Translation Memory technology is a must. Which one you go for may be determined or influenced by existing internal processes, particularly if there are linguistic assets (TM’s and Glossaries) in proprietary formats. Your vendors may also have a preferred technology or even propose to use their own. If you go down that road, make sure you own the linguistic assets. The file format is another choice that needs to be made carefully from the start. Open source formats may save you from being locked into one technology. However technology vendors often develop better functionalities for their proprietary formats. It can be a trade-off between productivity and compatibility.
The good news is that conversion between formats is almost always possible. This means migration between technologies is possible, but avoid including conversion as a routine part of the process. Even if it’s automated, having to routinely output TM in several formats for example, will introduce inefficiencies and increased user support requirements.

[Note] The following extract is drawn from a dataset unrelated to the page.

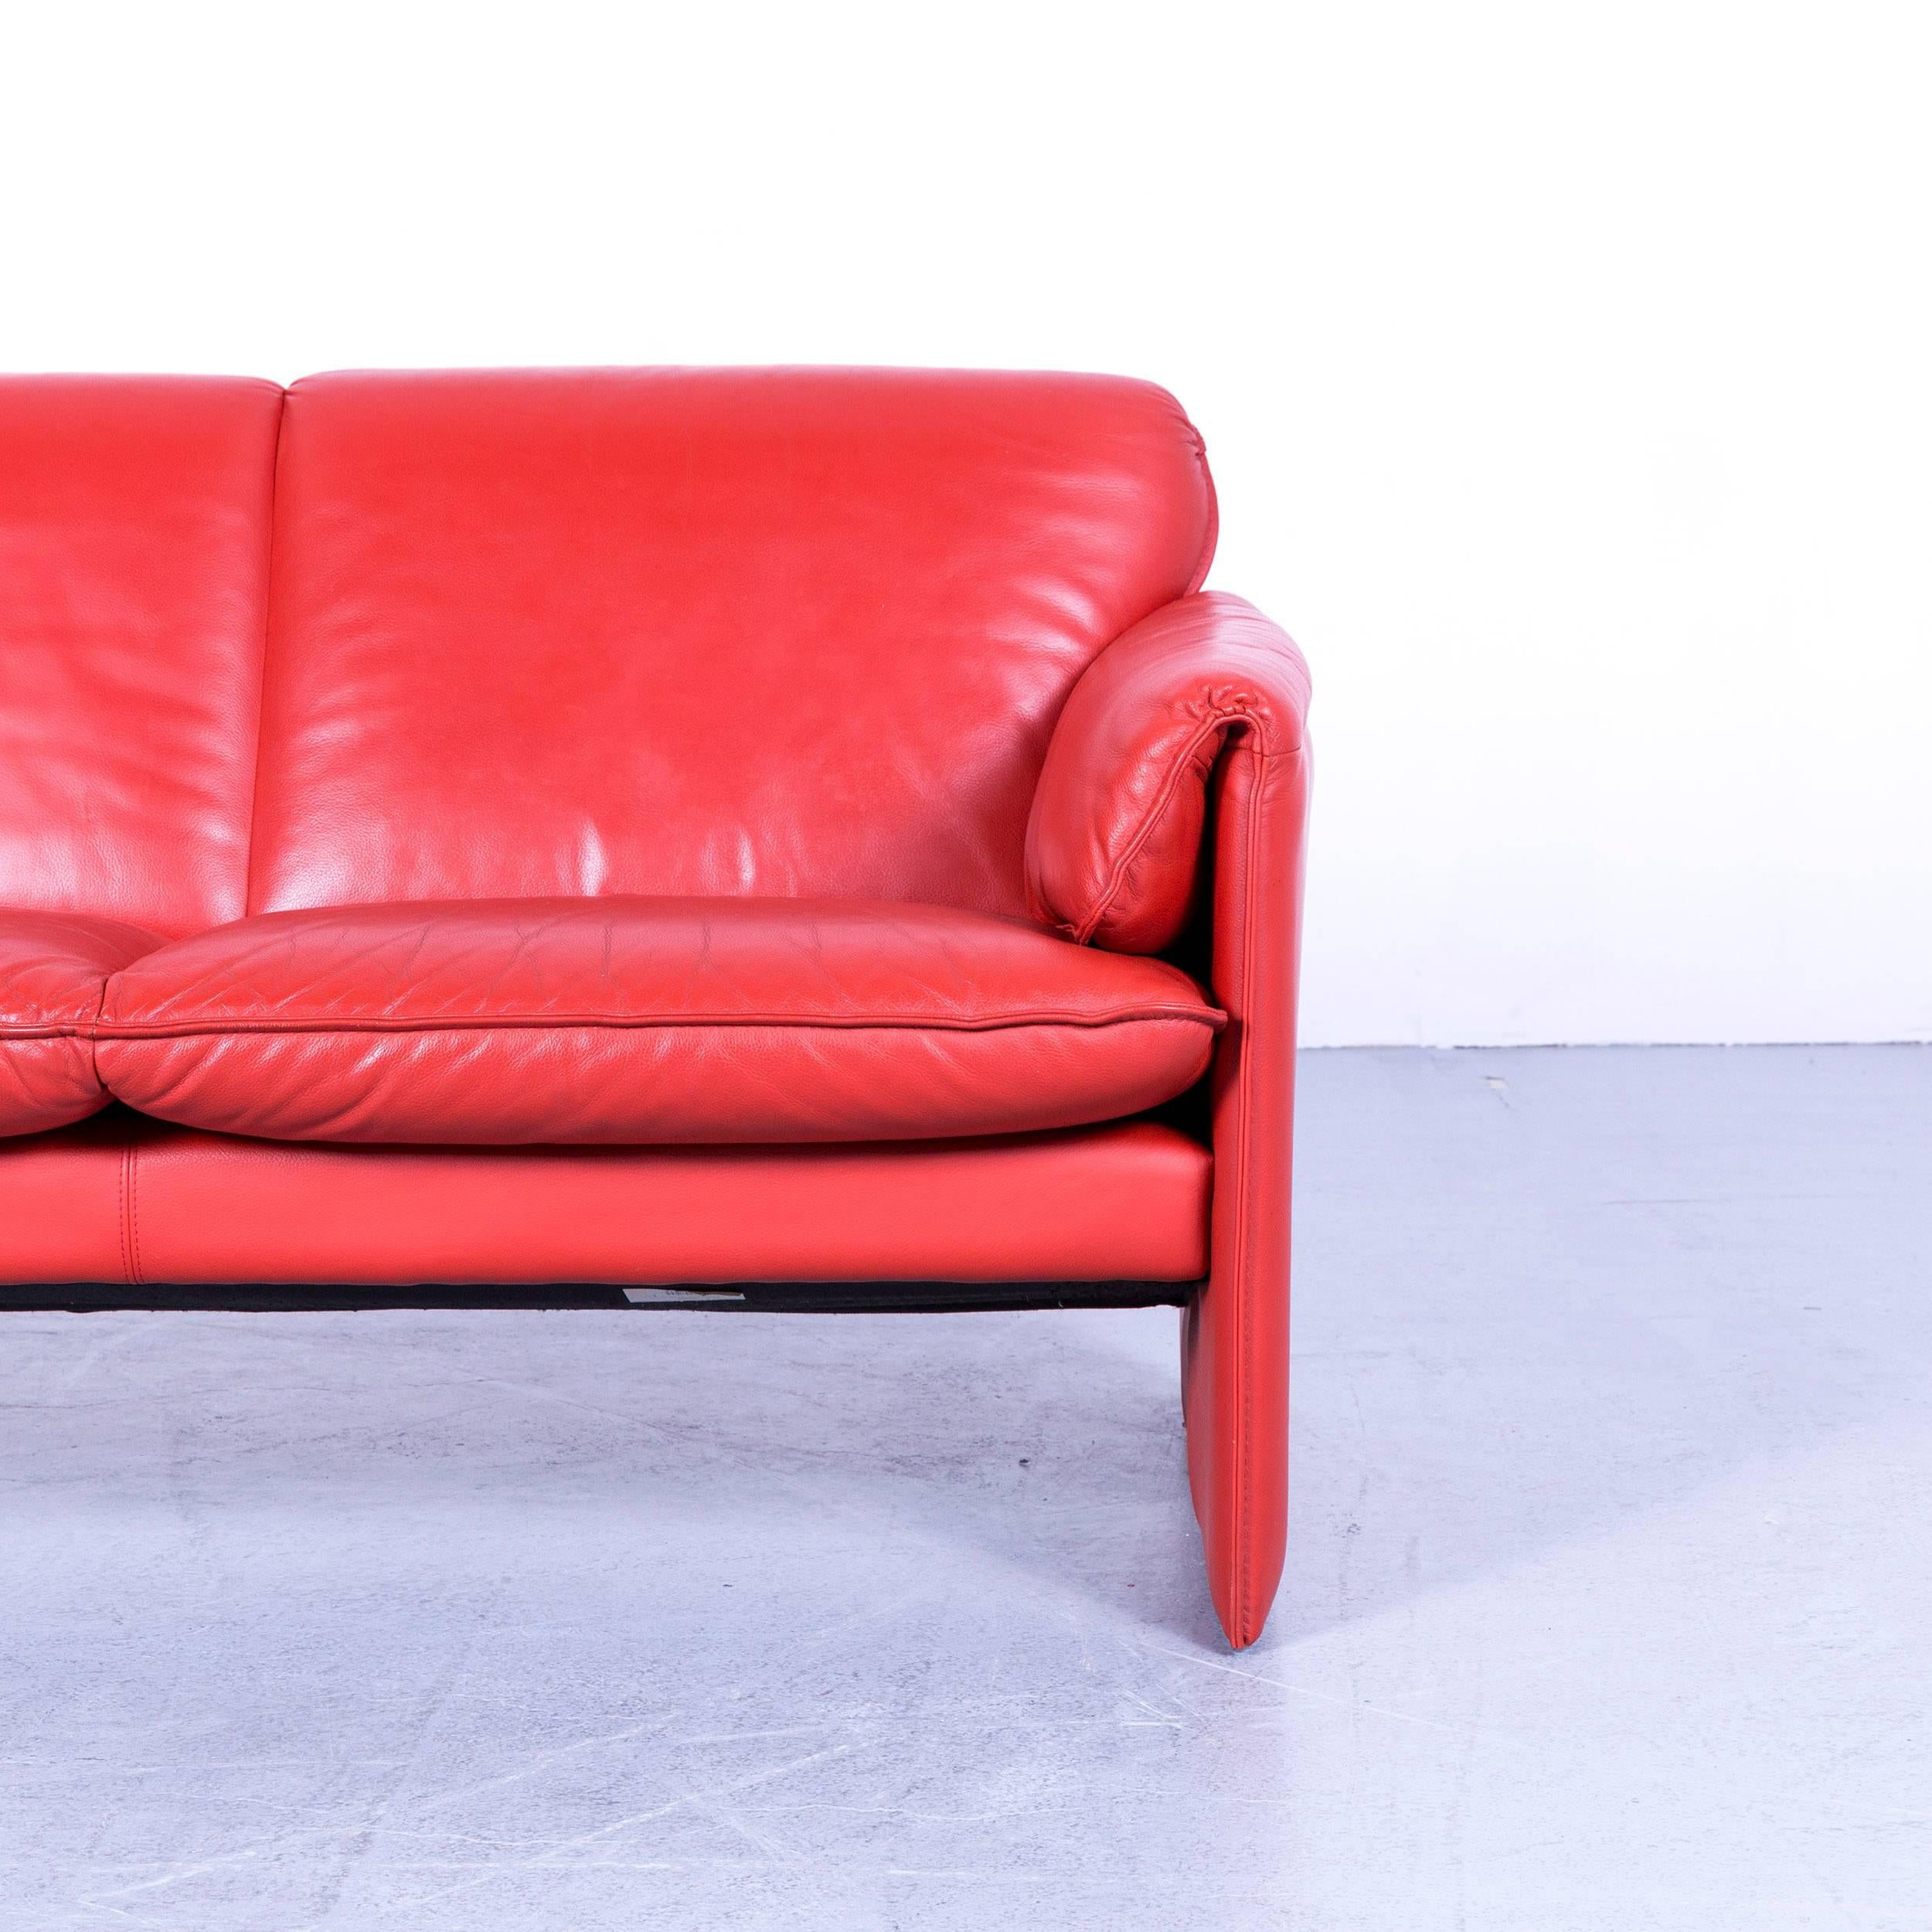 Leolux Bora Designer Sofa Leather Orange Red Two-Seat Couch Modern In Good Condition For Sale In Cologne, DE

Translation Management Systems have become so common, some think they are on the way out. You will at the very least, need a Portal to support file transactions, and share your linguistic assets with all the participants in your supply chain. Emails, preferably automatic notifications, should be used to support the transactions, but they should be avoided when it comes to file swapping. FTP is a common option, easy to set up, learn and cheap to run, but it can soon turn into a mess and gives you zero Project Management visibility. In order to achieve efficient status monitoring, resource pooling and any type of automation, you should consider a Translation Management System.

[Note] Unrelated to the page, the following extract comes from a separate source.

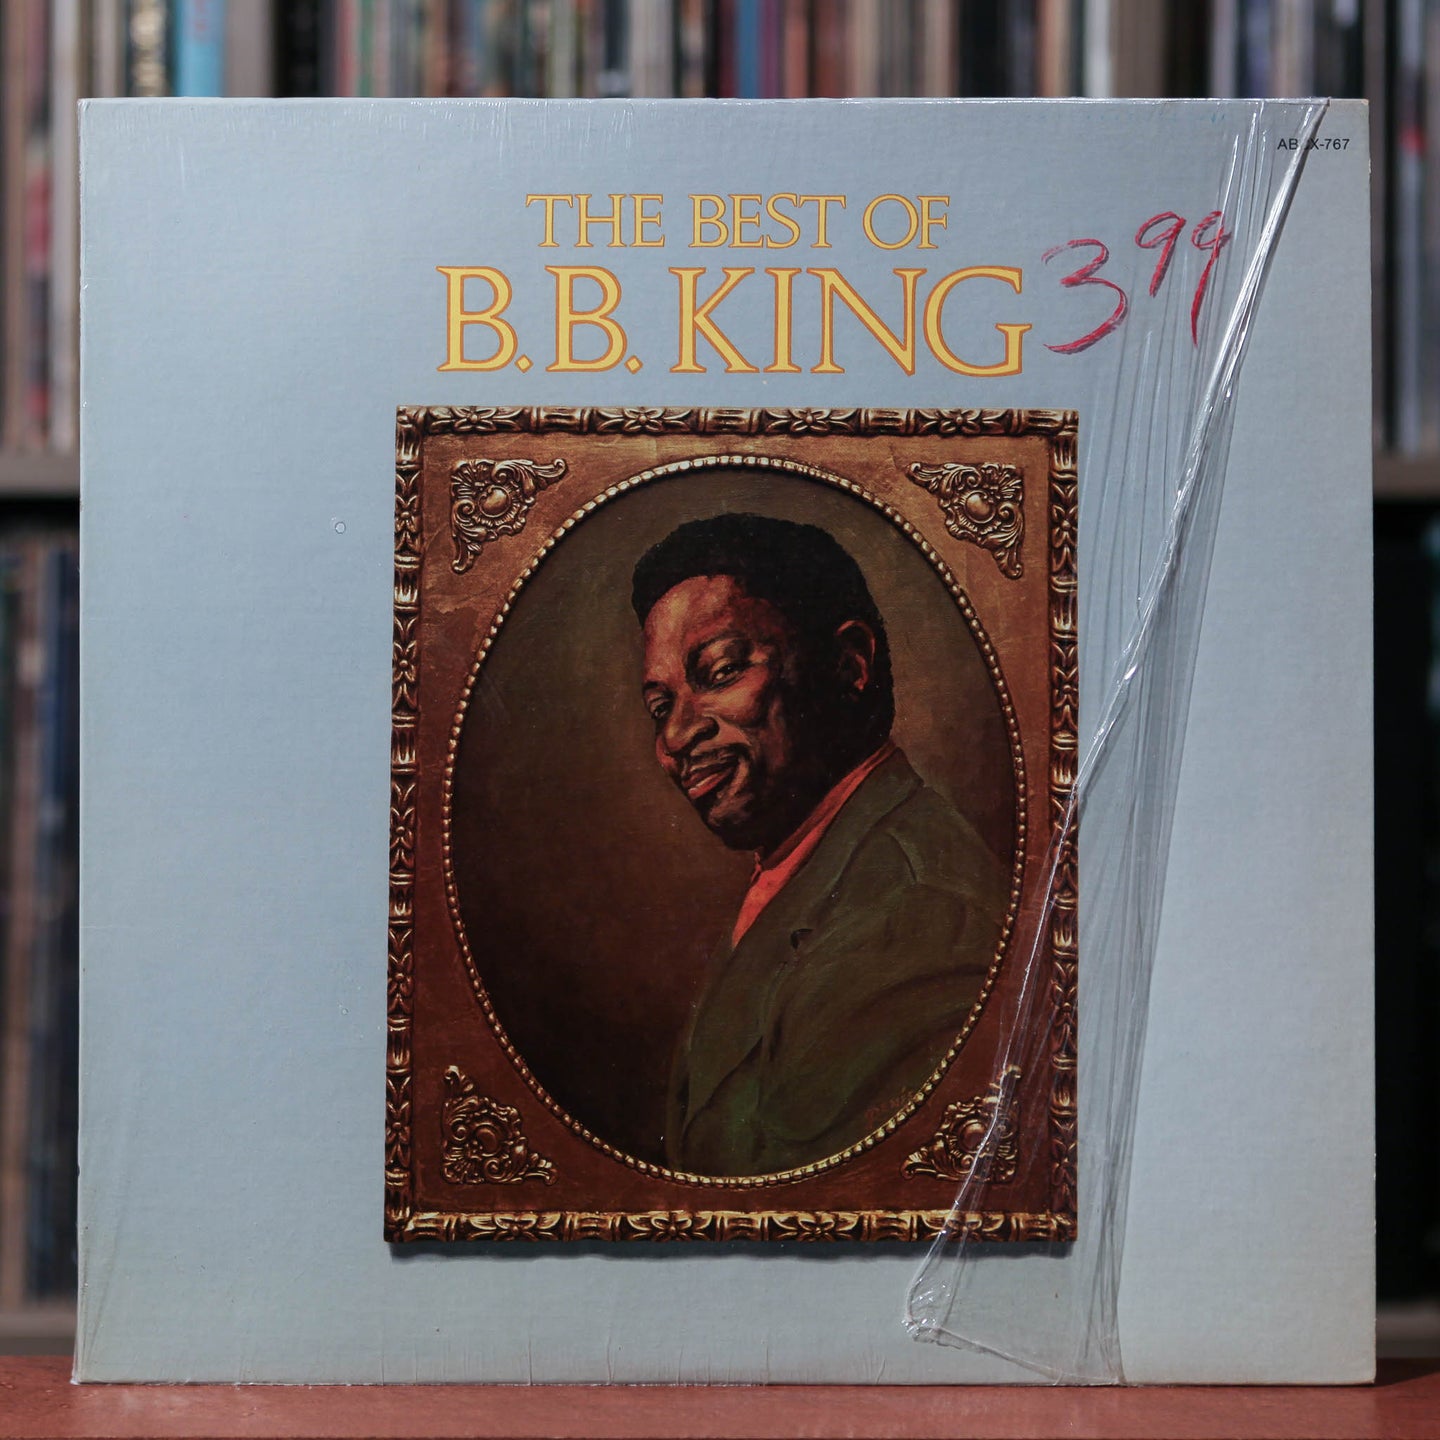 B.B. King - The Best Of B.B. King - 1973 ABC/Dunhill Canada, VG+/VG+

Whether you go for the big guns like WorldServer or SDL TMS, or for something more agile like XTRF TMS, you will reduce the amount of bottle necks in your process: handoffs will go straight from one participant to the next. The Project Managers will still have visibility, but no one will have to wait on them to pass on the handoff before they get started. TM’s will be updated in real-time and new content will become re-usable immediately.
A few things to look out for in your selection:
- Less click = shorter kickoff time. Setting up Projects in a TMS is an investment. It is always going to be longer then dumping files on an FTP and emailing people to go get them if you look at an isolated Project. As soon as you start looking at a stream of Projects TMS makes complete sense. Still, a TMS’s worst enemy is how many clicks it needs to get going.
- Scalability: you need the ability to start small and deploy further, without worrying about licenses or bandwidth.
- Workflow designer: demand a visual interface, easy to customise which can be edited without having to hire the services of the technology provider. Don’t settle for anything that will leave out at the mercy of the landlord.
- Hosting: weigh your options carefully here again. In-house is good if you have the infrastructure and IT staff. But letting the Technology provider host the product may a more reliable option. This is their business after all, maybe you don’t need to reinvent the wheel on that one.
- User support: the cost and responsiveness of the Support service is essential. No matter how skillful you and your team are, once you deploy a TMS to dozens of individual linguists there will be a non-negligeable demand for training and support. Make sure this is provided for before it happens.
Once you’ve made all these decisions, you will be in good shape to start building and efficient Localisation process. Last but not least, don’t forget to decide whether to spell Localisation with an “s” or a “z”, and then stick to it!